ABOUT THIS TASK: Pictures stay out of the copy; set down each line of the listing below exactly.

DATASET SECTION:
---*---

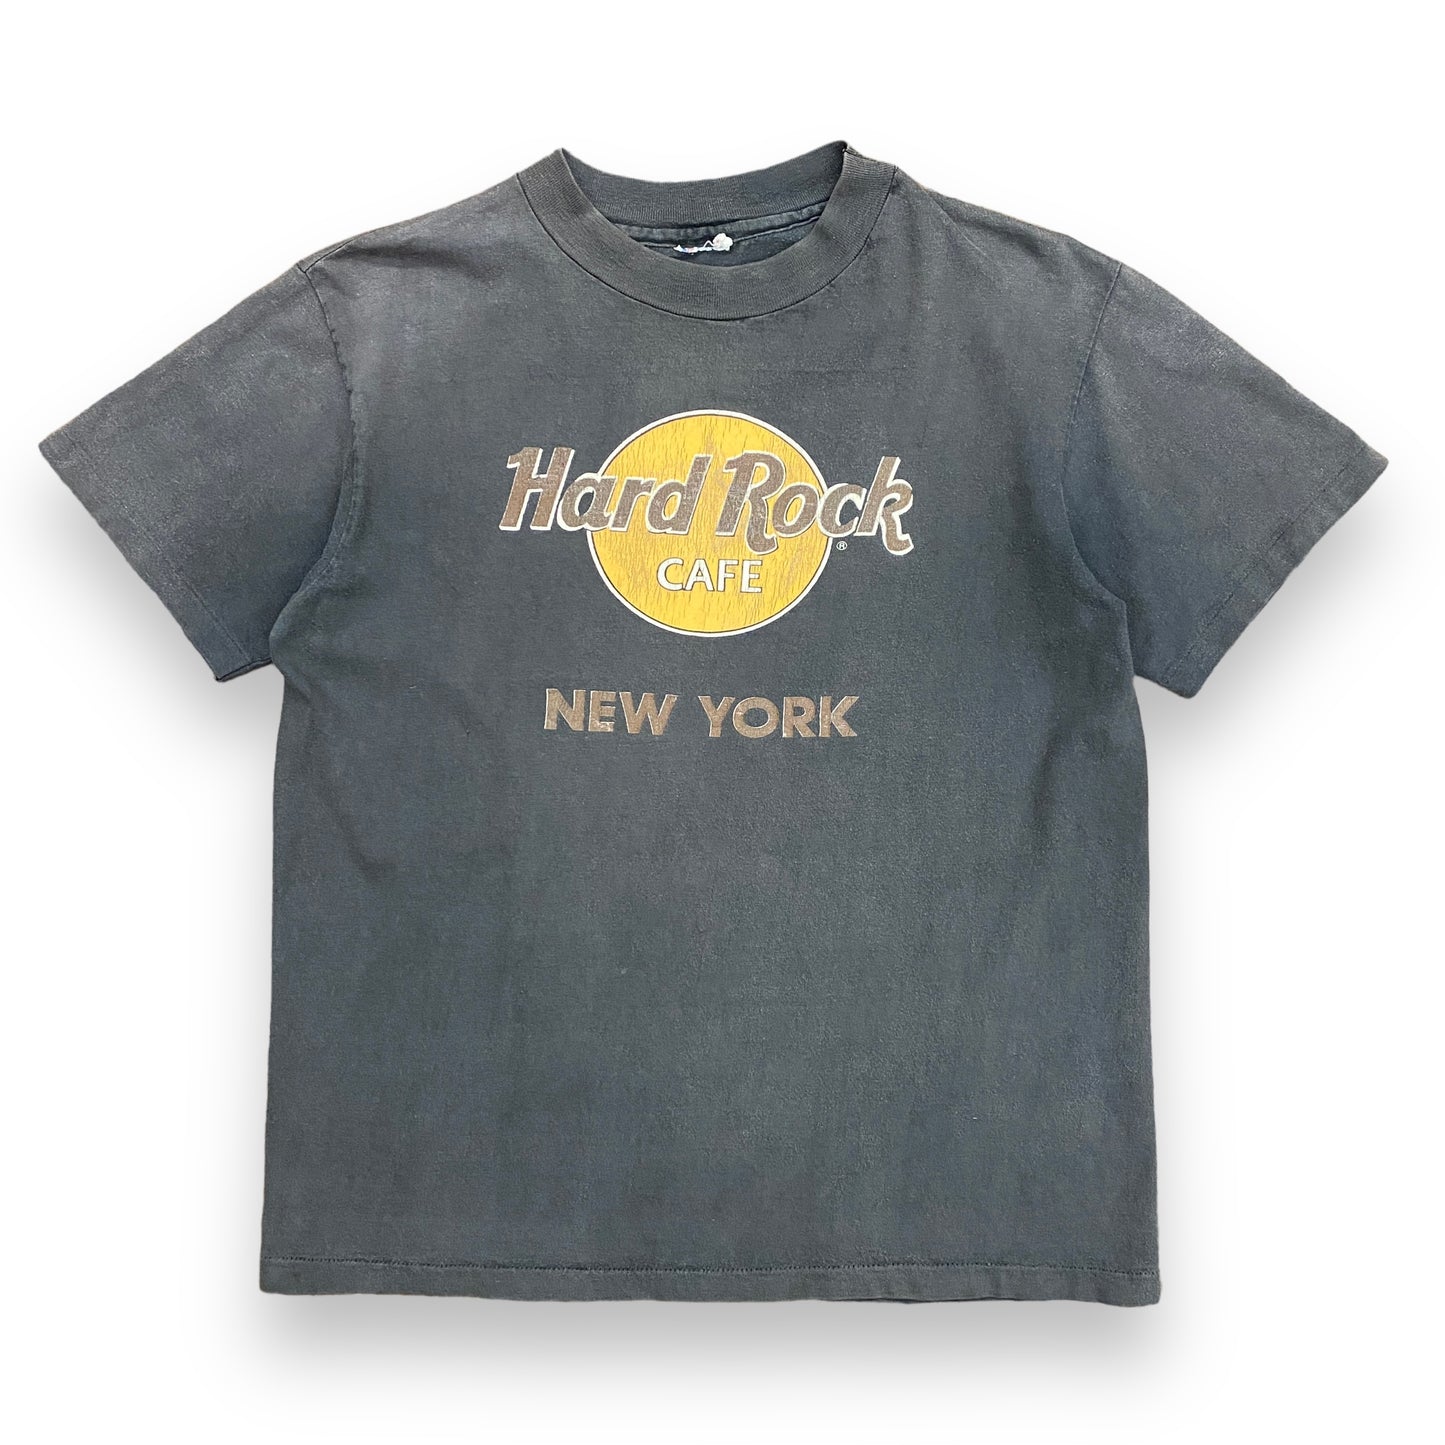 90s Hard Rock Cafe: New York Faded Tee - Size Medium
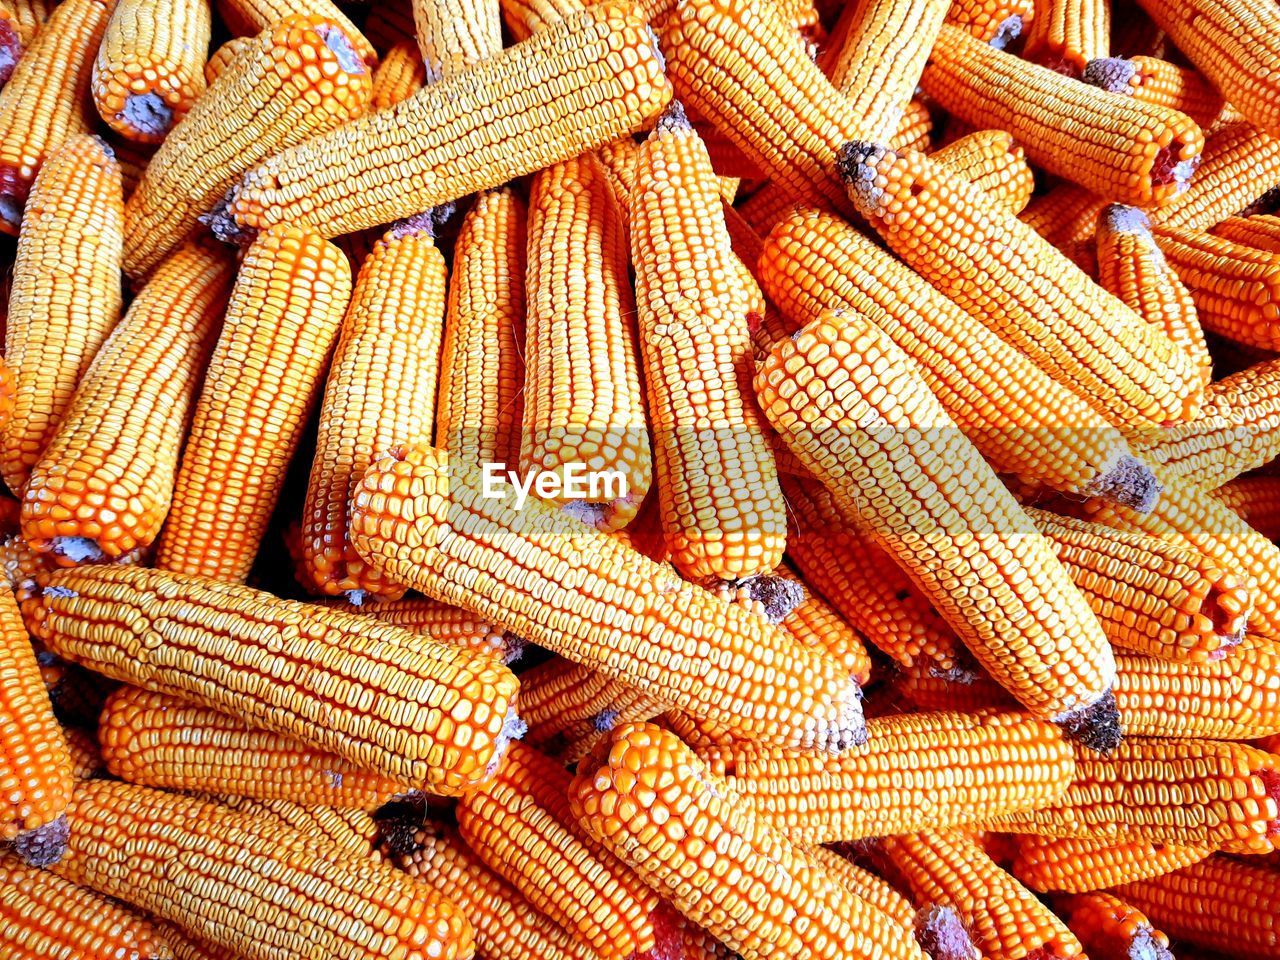 Full frame shot of healthy organic corn
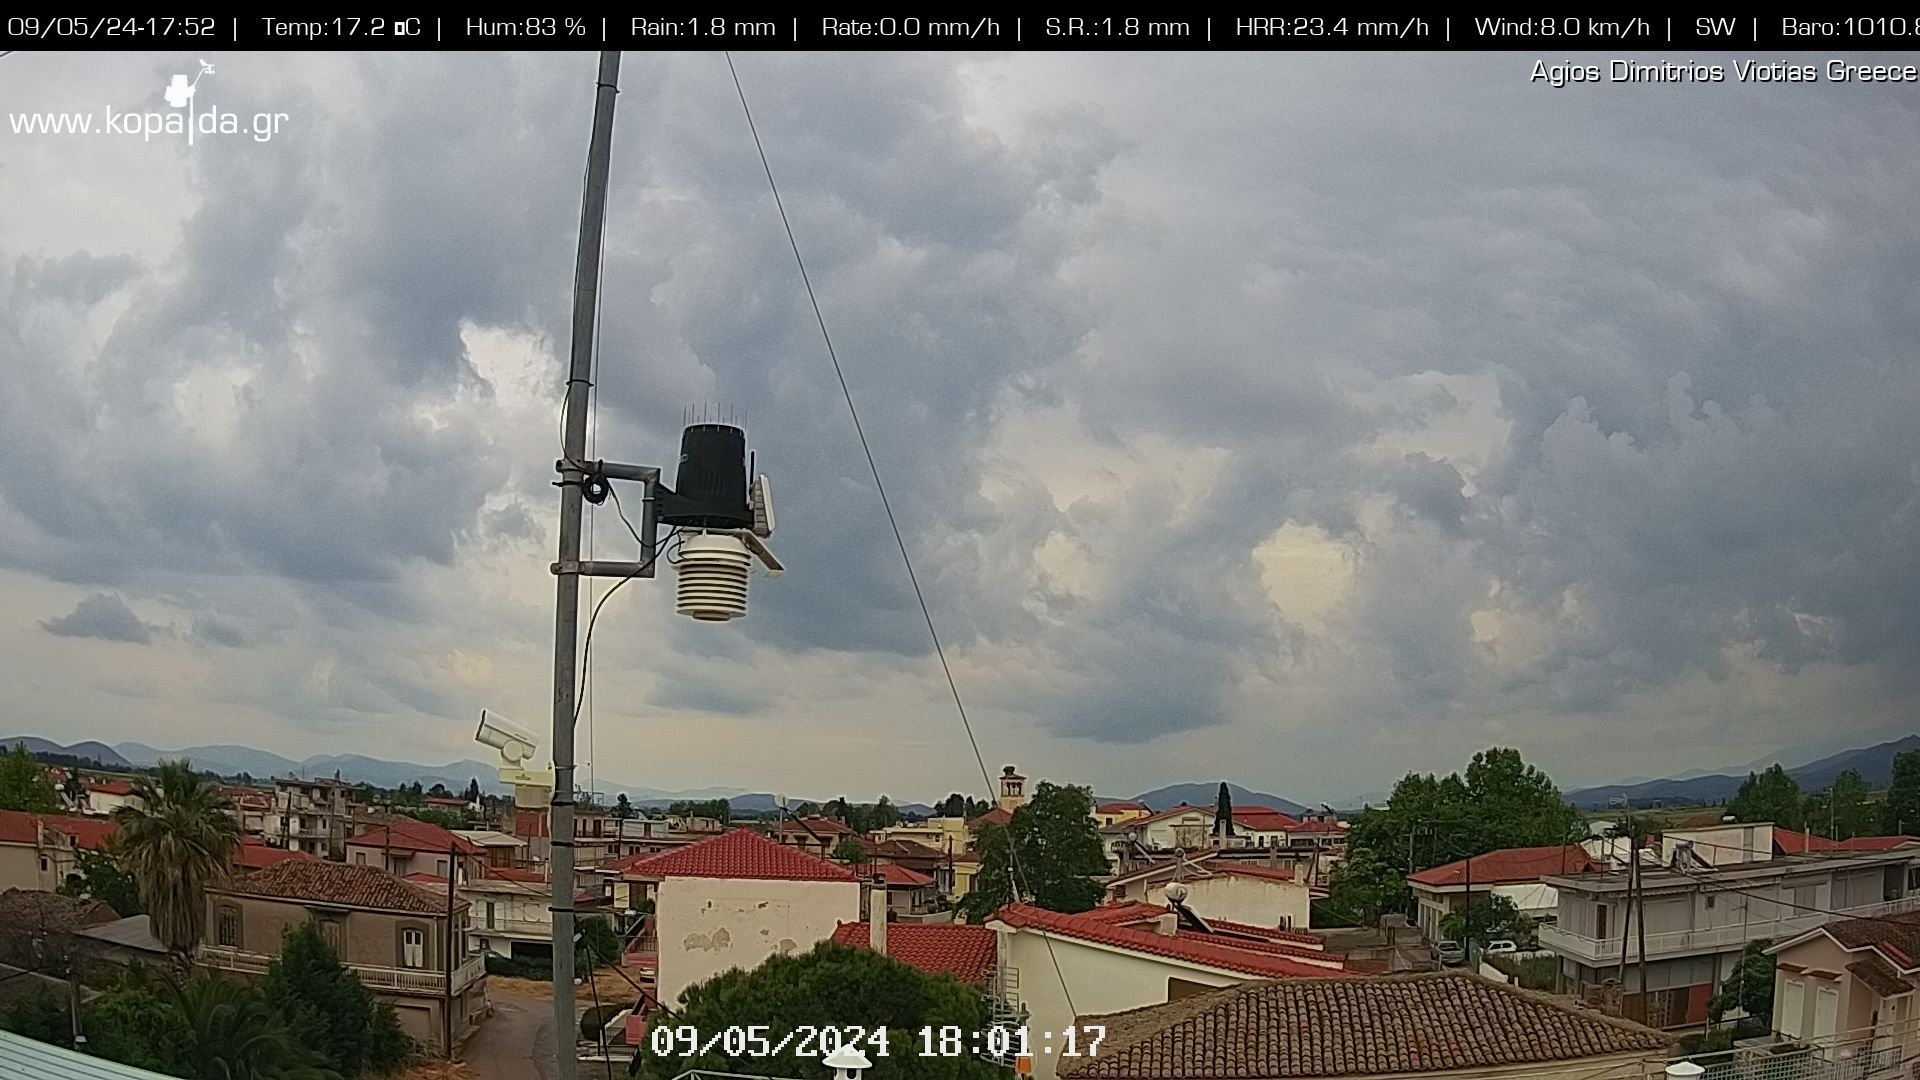 Webcam of the island of Crete Pirati online

---*---

FINAL ANSWER:
 90s Hard Rock Cafe: New York Faded Tee - Size Medium
 Full frame shot of healthy organic corn
 Webcam of the island of Crete Pirati online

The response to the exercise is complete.